Since the 2000s, the expansion of mining leads to various social conflicts. Until now, there have almost been no attempts to systematise current mining conflicts. Neither are their any proposed cross-country/cross-regional statements on how the global resource boom translates into concrete conflict actions. In their chapter “Contested resource boom: actors and strategies in conflicts over mining in sub-Saharan Africa and Latin America”, Kristina Dietz and Bettina Engels elaborate on what is at stake in conflicts over industrial mining, what strategies local actors deploy and what factors influence their conflict actions.

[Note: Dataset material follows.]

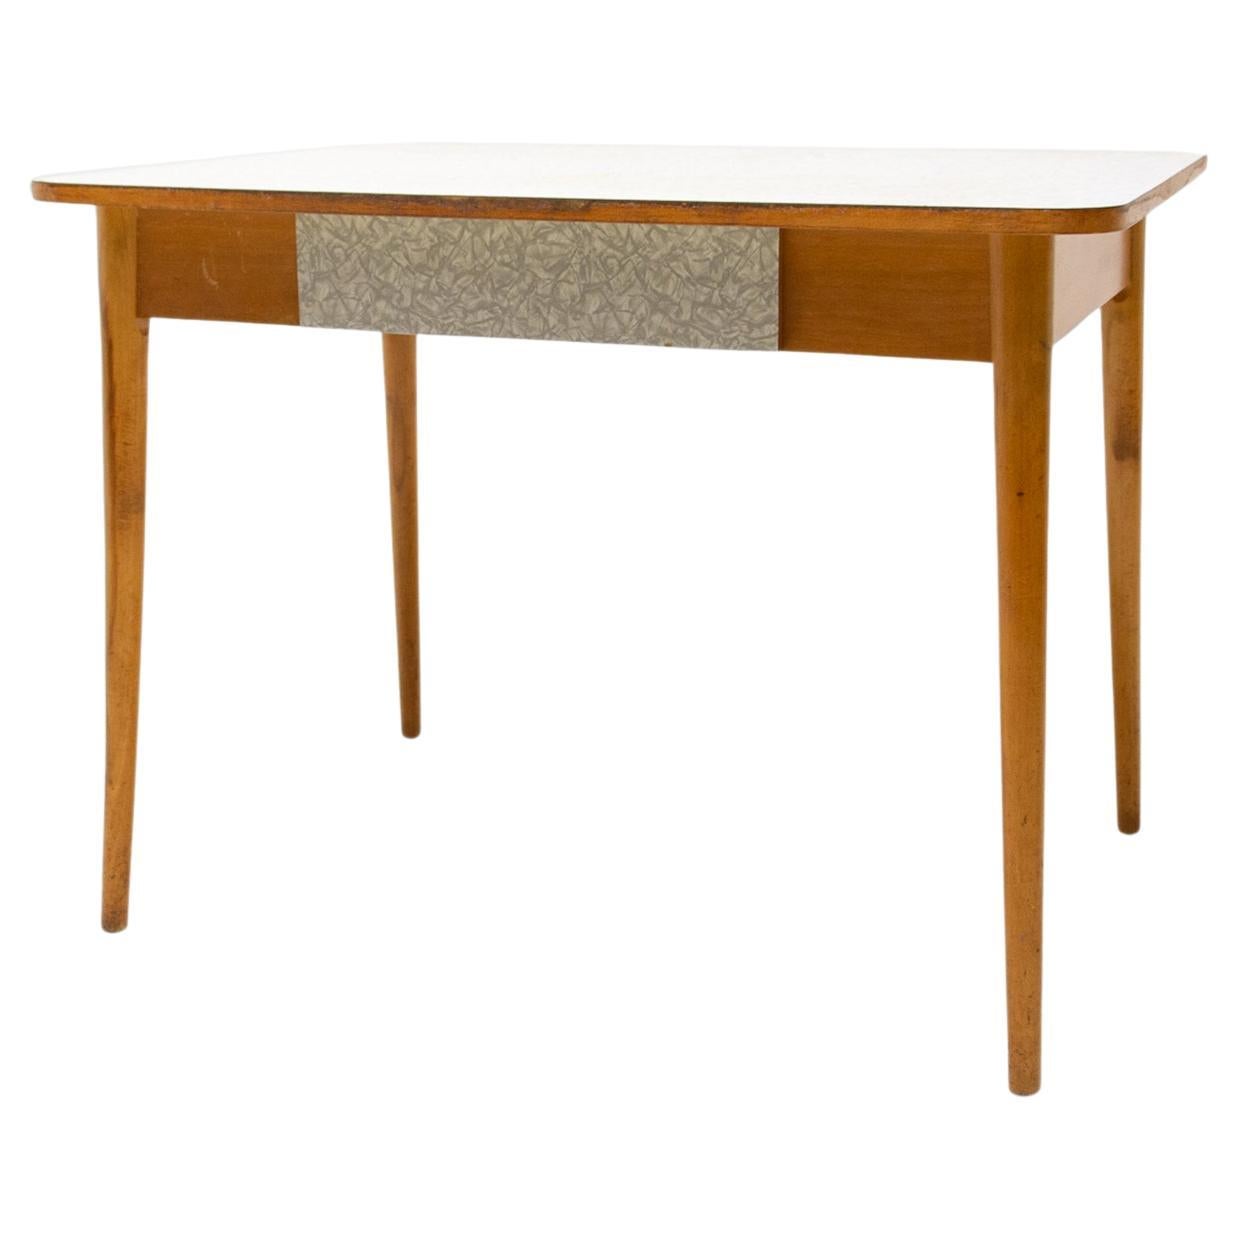  Midcentury Formica and Wood Central Table, Czechoslovakia, 1960's For Sale

1 Dietz, Kristina & Engels, Bettina (2016): Umkämpfter Rohstoffboom: Akteure und Strategien in Konflikten um Bergbau in Subsahara-Afrika und Lateinamerika, in: Fischer, Karin/ Jäger, Johannes & Schmidt, Lukas (Hg.): Rohstoffe und Entwicklung. Aktuelle Auseinandersetzungen im historischen Kontext, Wien: new academic press. 220-234


On the book

Resources and development. Current contestations within the historical context:

 

Resources are not only scarce and contested but often also part of a dirty business. Pictures of miners in South America and Africa are omnipresent.

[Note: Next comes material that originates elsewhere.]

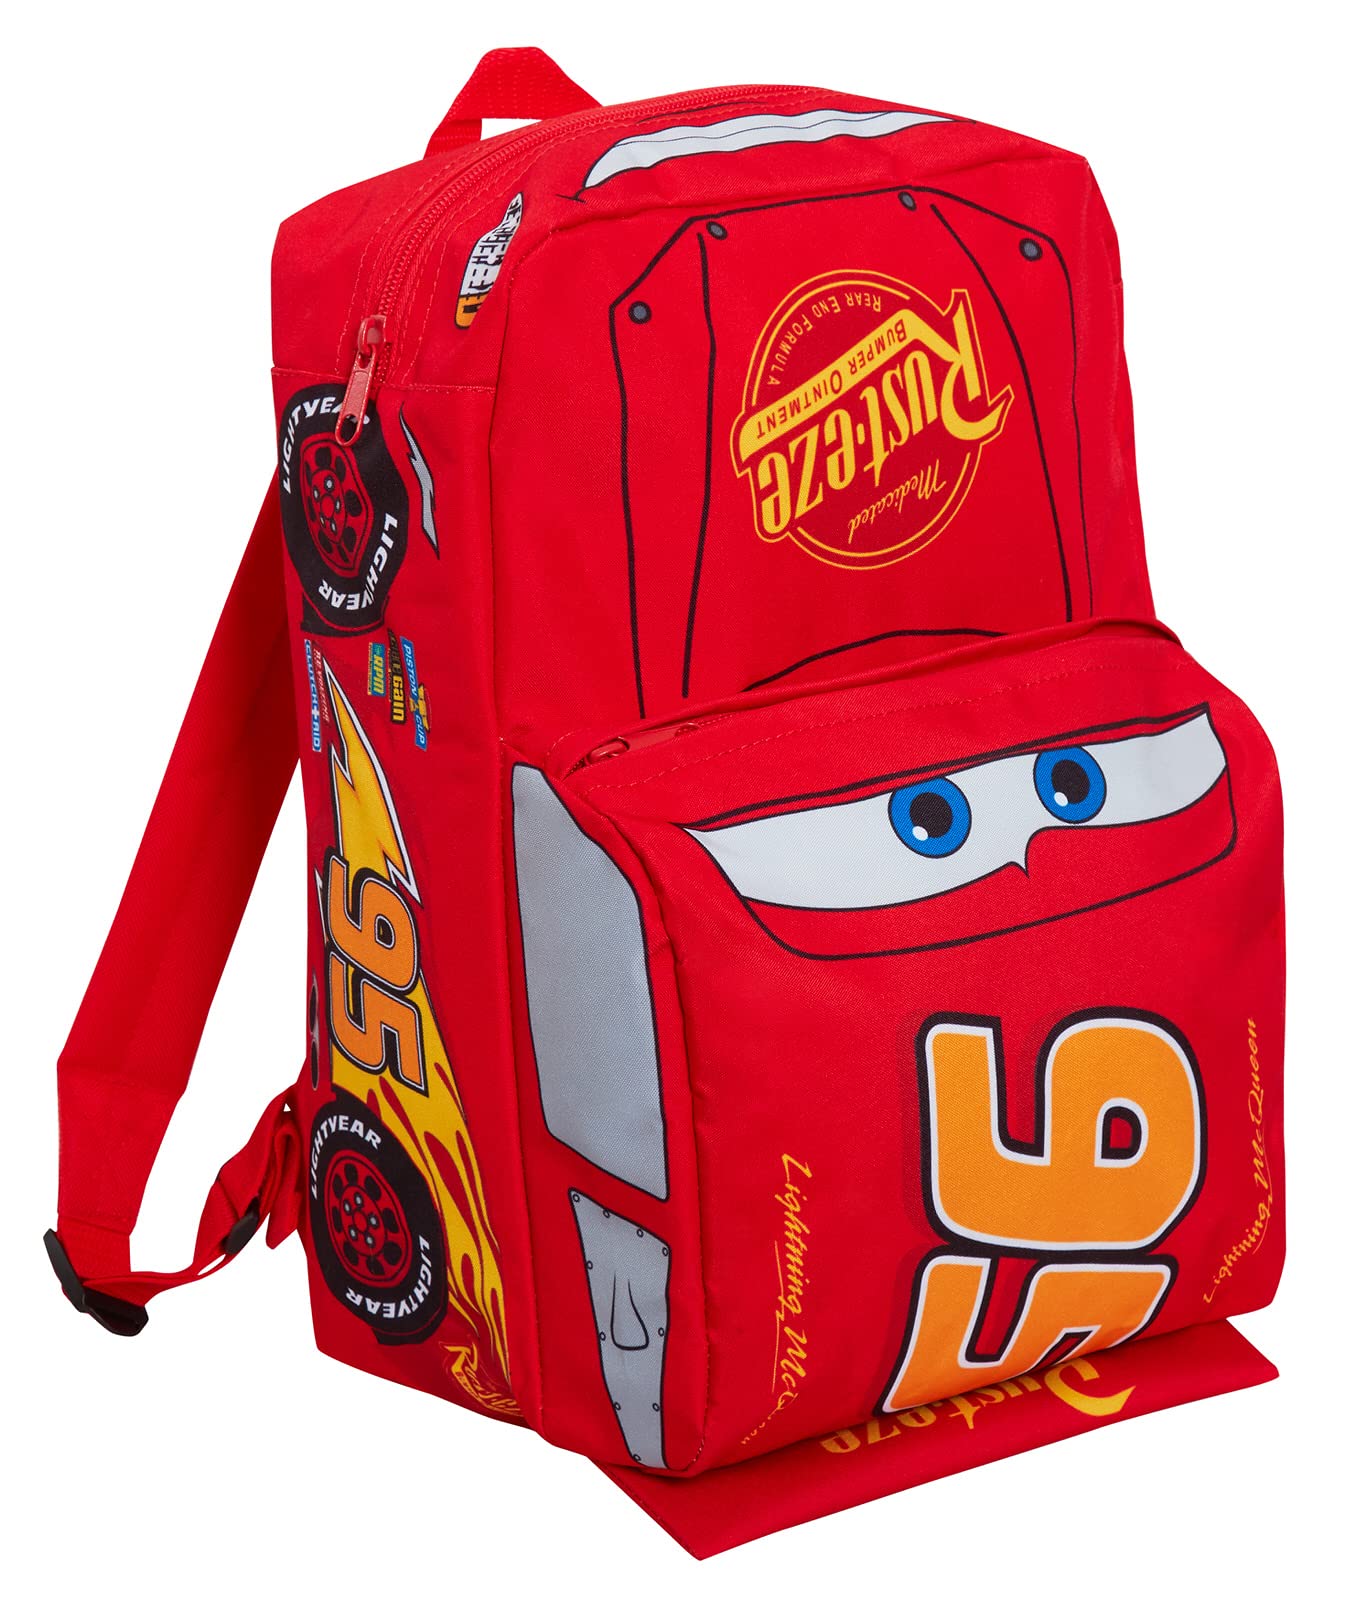 Disney Kids Cars Backpack Official Lightning McQueen 'Piston Cup Champion' 3D Effect Car Children's School Nursery Lunch Bag Large Rucksack Red 95 Carry On

The availability of resources influences the development processes and the way of living in North and South. Resource prices are very volatile and during the last years, we witnessed an excessive boom at the commodity exchanges followed by a deep crisis.

Contestations over the access to resources and the distribution of resource revenues are central aspects of regional and local conflict constellations within the context of different development models.

The presented volume reveals the economical, political and ecological correlations of resource extraction and consumption. Therefore, not only the local case-specific conflicts and individual resource agreements are presented, but they are also contextualised into (global) historical continuities and discontinuities. The authors, trained in different disciplines, exemplarily examine the underlying causes for the resource boom and crisis and their effects in several countries and regions. They analyse the strategies of various actors at national and international level and describe the conflicts over resources within their local context.

This volume provides insights into historical, development theoretical and development political perspectives on resource politics and asks for possible alternatives to a resource intense development path.